:: COLLECTED DATA
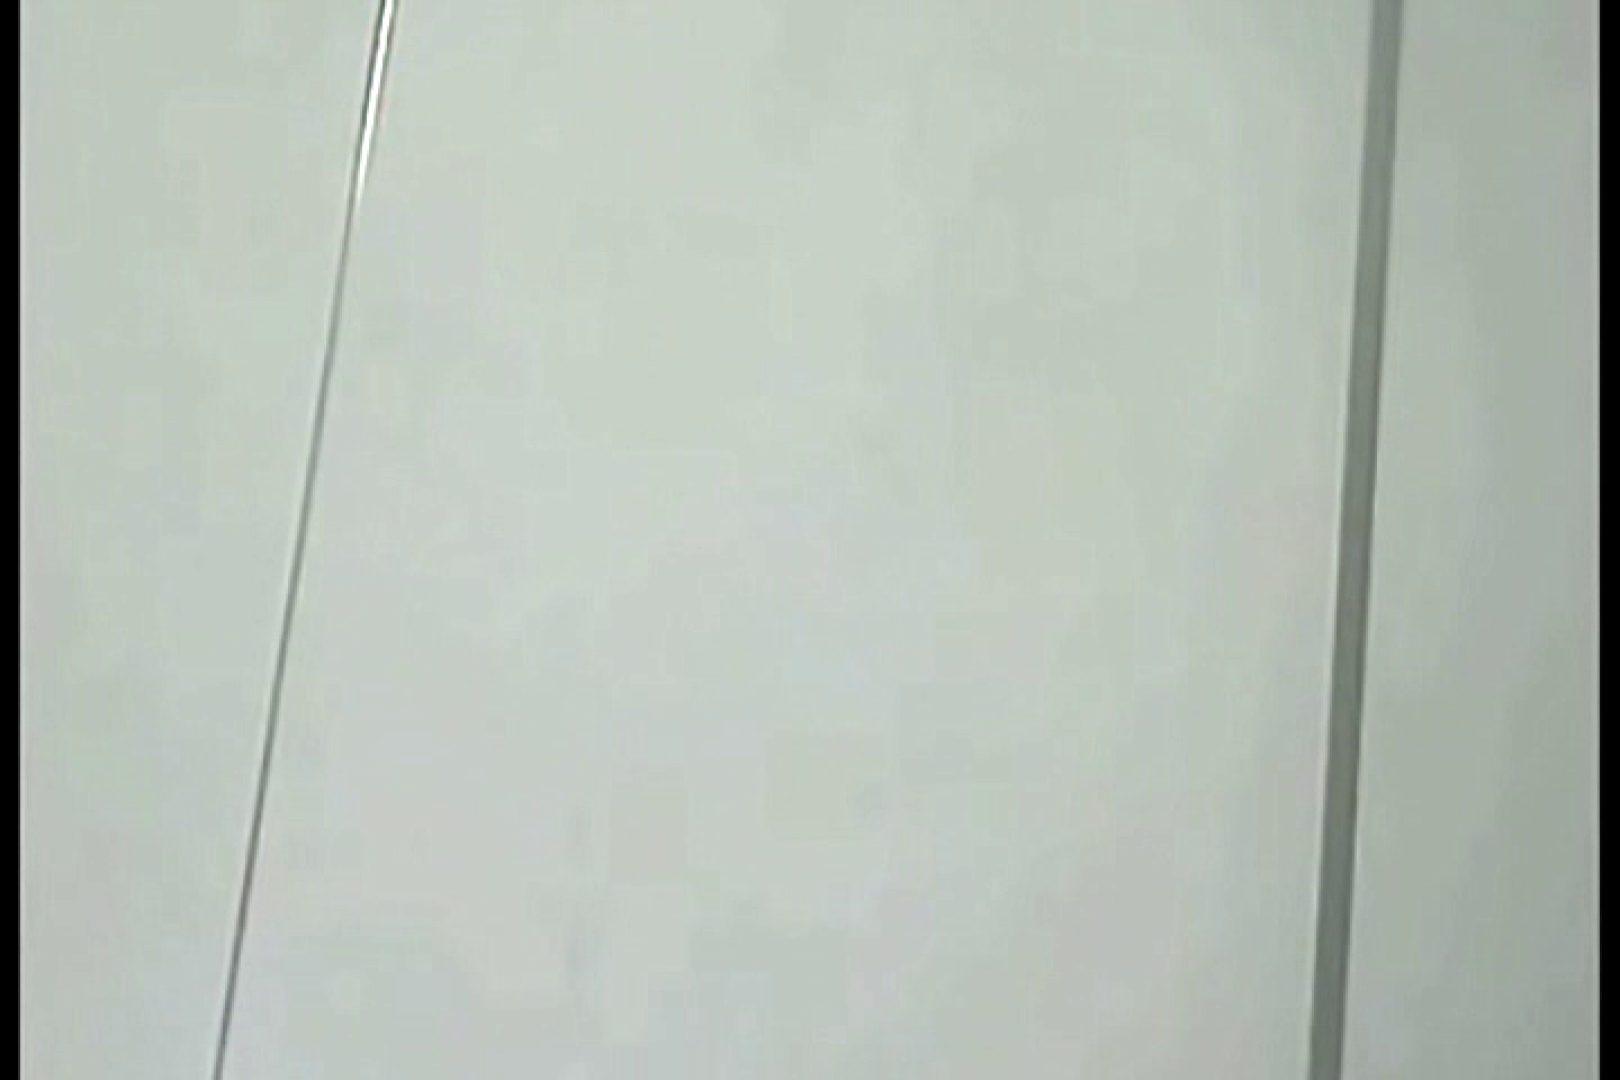 ぼっとん洗面所スペシャルVol.10 美女OL オマンコ動画キャプチャ 107連発 42
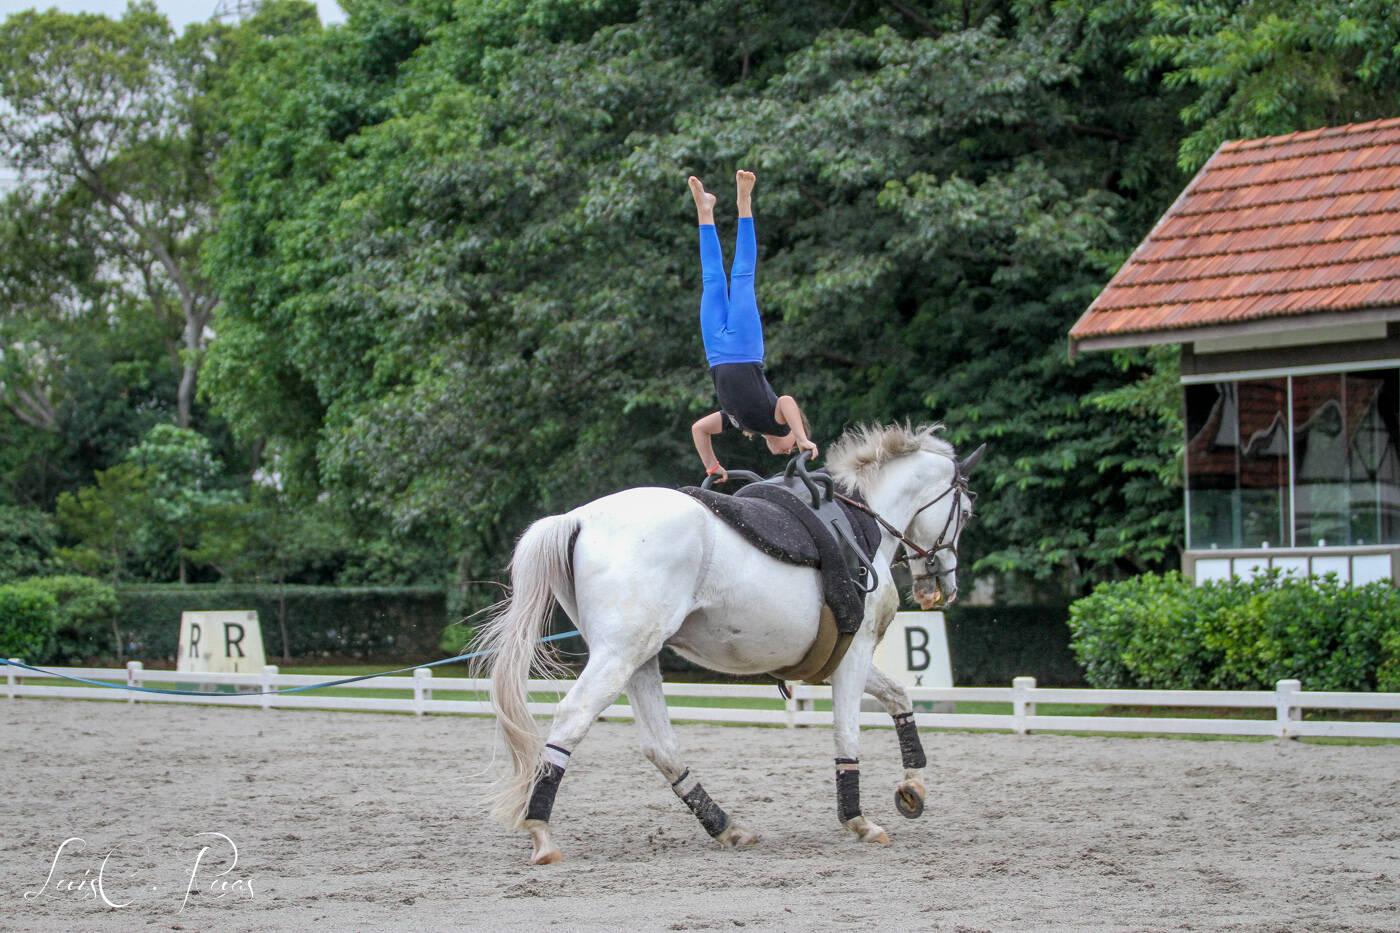 O volteio exige equilíbrio em manobras especiais em cima do cavalo. Foto: Divulgação/Hípica Paulista
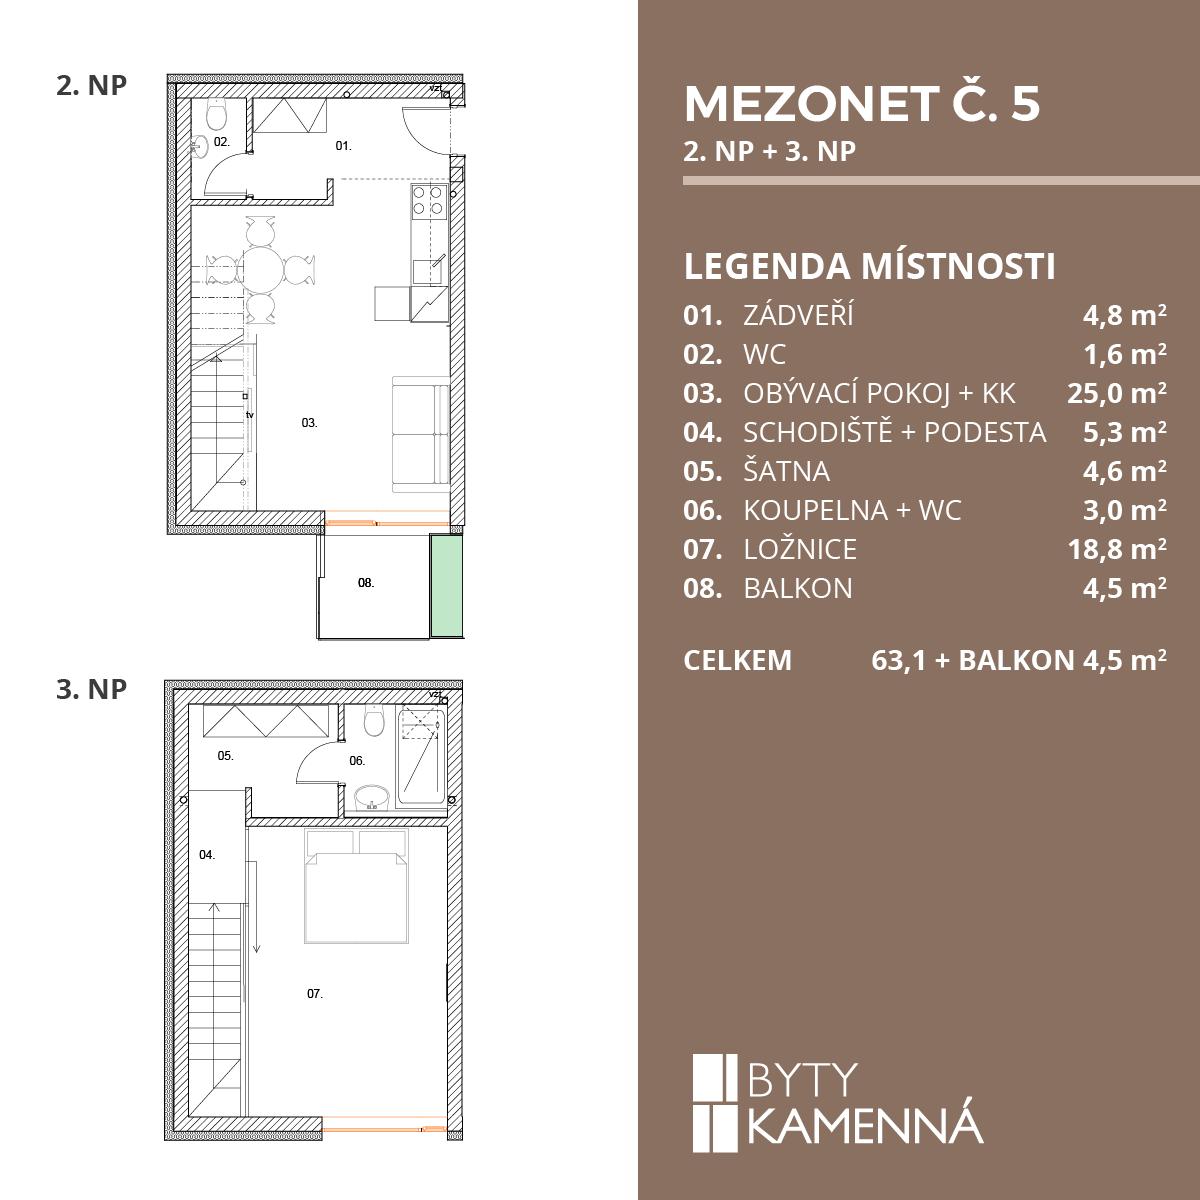 MEZONET 10
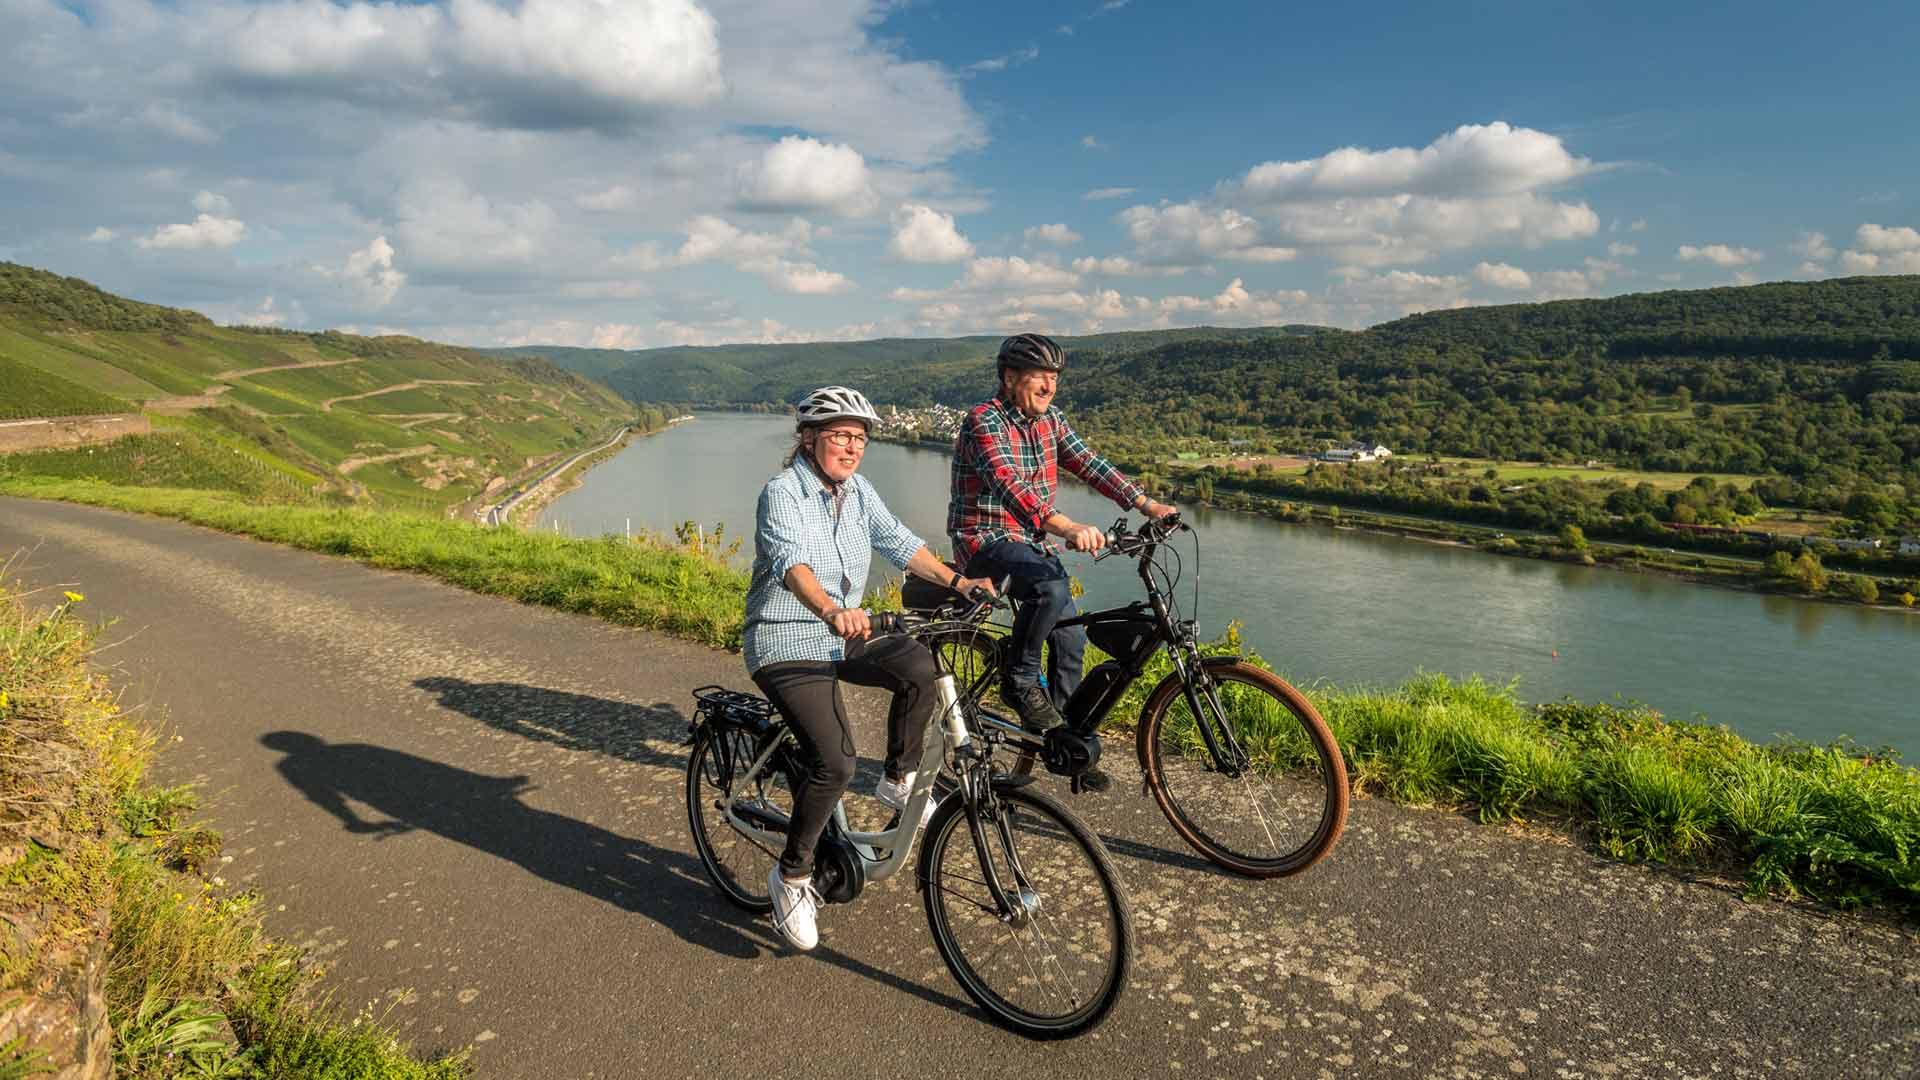 In de Bopparder Hamm kun je fietsen met uitzicht over de wijnbergen en de Rijn.
::::
YOUR ASSIGNMENT - For this exercise, transcribe exactly only the lines from the one containing "O volteio exige" through the end of the listing, inclusive, without the pictures.

FINAL ANSWER -
 O volteio exige equilíbrio em manobras especiais em cima do cavalo. Foto: Divulgação/Hípica Paulista
 MEZONET 10
 In de Bopparder Hamm kun je fietsen met uitzicht over de wijnbergen en de Rijn.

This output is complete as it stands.